EGON SCHIELE, KARDINAL UND NONNE ("LIEBKOSUNG"), 1912.
EGON SCHIELE, KARDINAL UND NONNE ("LIEBKOSUNG"), 1912. COLLECTION OF THE LEOPOLD MUSEUM , VIENNA.  Manfred Thumberger

5. Profane: Spiritual, yes, but the preferred subject matter of the Expressionists was far from puritanical. The works flirted with blasphemy, as in Schiele’s depiction of a cardinal and nun locked in an embrace (above), and some was considered outright criminal. Among the Expressionists, Austrian artists Schiele and Oskar Kokoschka both attracted particularly heated criticism for their erotic, unidealized nudes that frankly depicted such taboo themes as homosexuality and masturbation. In 1911 Schiele, who was known for his predilection for very young models, was briefly arrested after police confiscated hundreds of his “pornographic” drawings.
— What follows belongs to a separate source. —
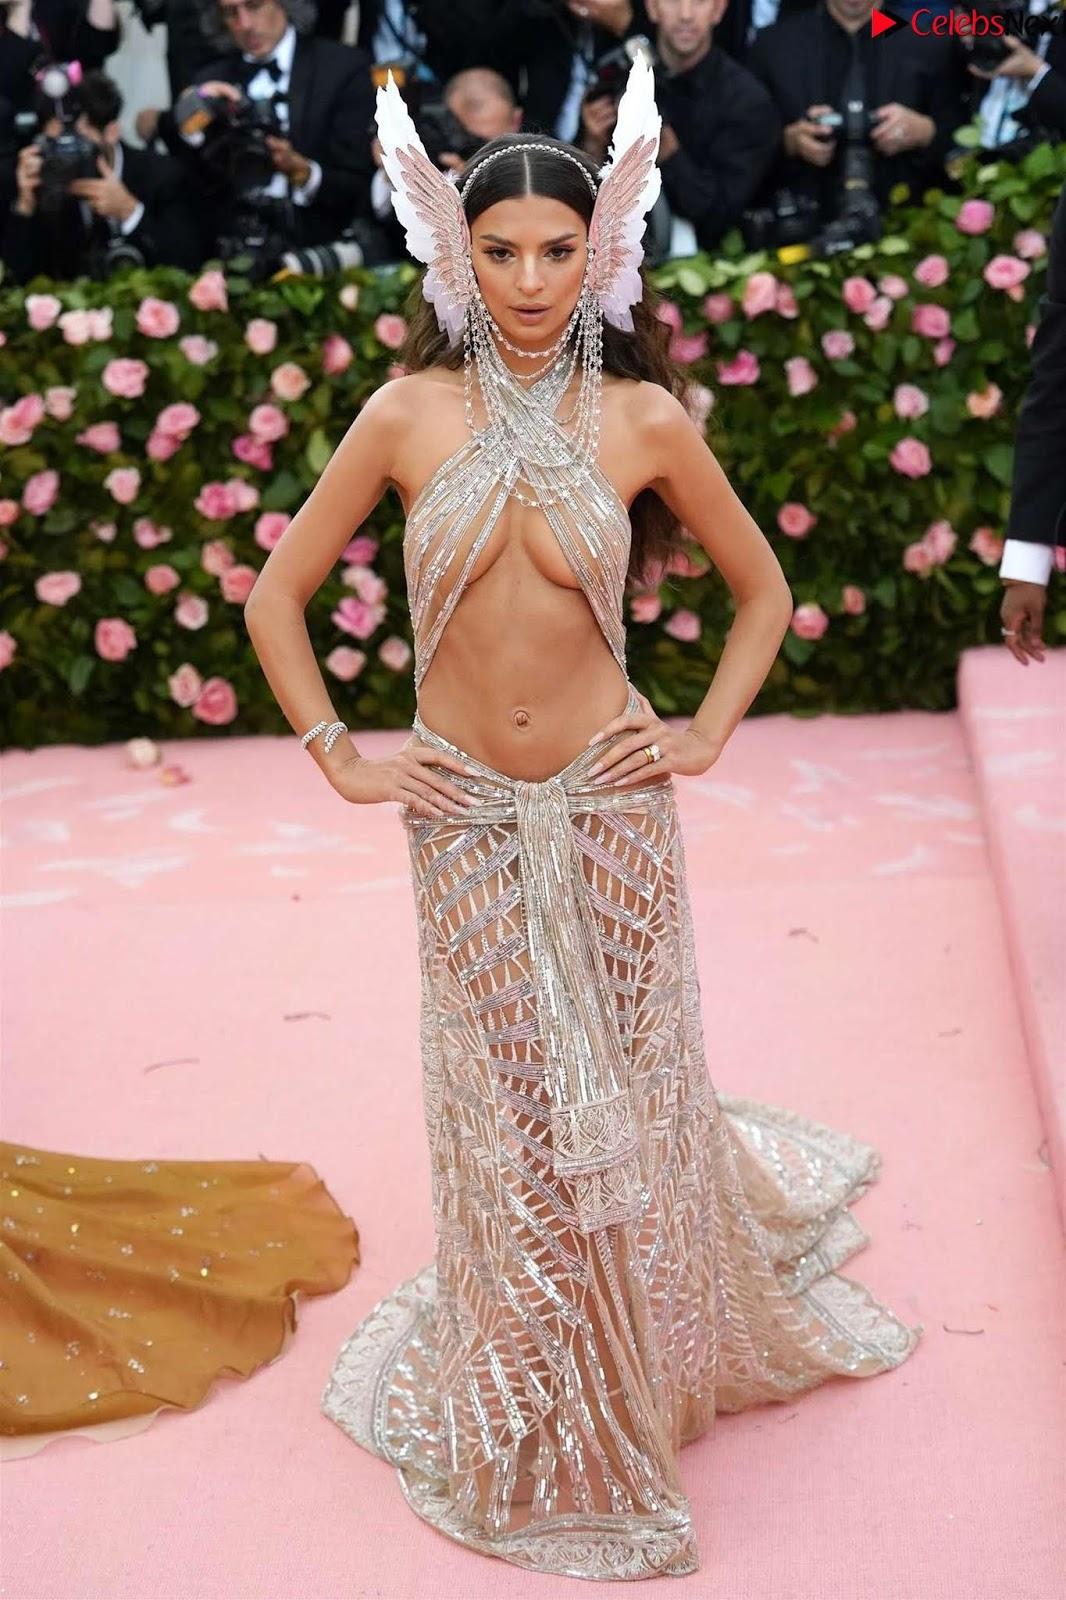 Emily Ratajkowski Expising her beautiful tits at 2019 MET Gala in NYC CelebSneXt.xyz Exclusive Pics

The opening of the "Degenerate Art" Exhibition.
THE OPENING OF THE 'DEGENERATE ART' EXHIBITION IN BERLIN, 1938. EMIL NOLDE’S CRUCIFIXION (1912) INSPIRED BY MATTHIA GRÜNEWALD IS VISIBLE AT CENTER.

6. Degenerate Art: With rise of the Nazism in Germany came the end of Expressionism. Classified as Degenerate, a catchall term for art considered morally suspect, Jewish or Communist, Expressionism was removed from museums and confiscated from private collections. In 1937, hundreds of works by Nolde, Heckel, Kirchner and Beckmann were seized. Many were subsequently included the Degenerate Art exhibition (above), which travelled throughout Germany and Austria. The following year, having been banned from art-making a distraught Kirchner committed suicide. 

Julian Schnabel in a white suit standing in front of one of his canvases.
ARTIST JULIAN SCHNABEL, NEW YORK, MAY 1986. PHOTOGRAPH COURTESY OF THE ESTATE OF EVELYN HOFER / CONTRIBUTOR, GETTY IMAGES.

7. Neo Expressionism: A half a century later, in the late 1970s and early 1980s, a group of artists including Jean-Michel Basquiat, Francesco Clemente, Georg Baselitz and Julian Schnabel rejected the cool industrialism of Minimalist sculpture and embraced painting with a color-charged energy. Known as the Neo-Expressionists these artists reacted against what they considered the stringency of Conceptual art, creating subjective and emotionally laden depictions of the human figure that harkened to older traditions of creative expression.